Ways to Speed Up Your Hiring Process
- Prioritize the skills you need: Perfect candidates don’t exist, and they are in extremely scarce supply in this market. Skills-based hiring enables you to source from a much larger hiring pool, rather than working with a long list of requirements that gradually diminishes the available talent. List the most important skills you require in order, with tiers representing must-have, nice-to-have, and trainable skills. Talented candidates can be trained, and will likely become more loyal and easy to retain once you do invest resources into their development.

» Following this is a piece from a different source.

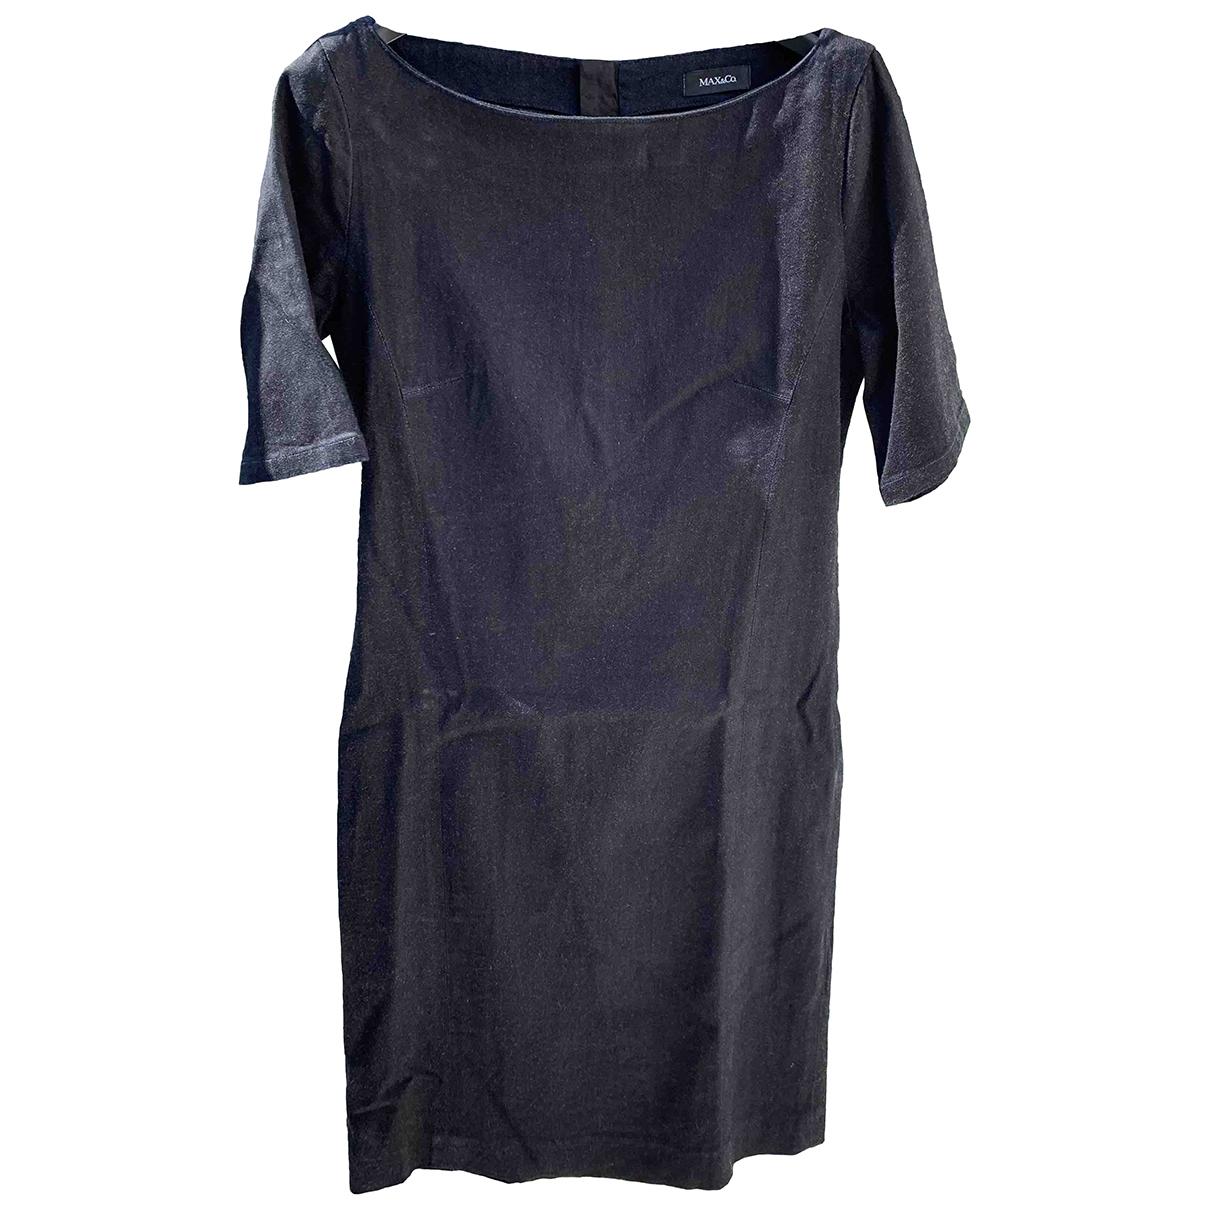 Max & Co \N Blue Cotton - elasthane dress for Women 42 IT

- Promote from within: Internal candidates may not have all of the skills you might ordinarily find by hiring outside talent, but they do offer several significant advantages. Professionals who are promoted from within tend to stay in their roles much longer than people hired from outside, because your company has proven its loyalty and ability to develop their talents. Furthermore, these professionals know and appreciate your company’s culture and processes, and have shown they can be successful in your organization. This helps them to hit the ground running more quickly in their new roles, which also gives you more time to develop missing skills.
- Work with a staffing agency in your field: Top staffing agencies like Imprimis Group that represent your industry have deep networks to source hard-to-find talent. They enable you to interview and potentially hire active and passive job candidates, and their pre-vetting (and testing) of candidates means you don’t have to incorporate these time-consuming steps into your process. The applicants you interview are ready to be hired, which means you can make quick offers that face less competition.
As you incorporate these ideas, test your new approach against your old approach if you need to make the case for a revamped, faster hiring process. Use the streamlined approach on your harder-to-fill positions to demonstrate to your top executives that these steps do indeed give you the ROI you seek. Then keep testing and making incremental improvements, so that you’re ready for the next candidate’s market.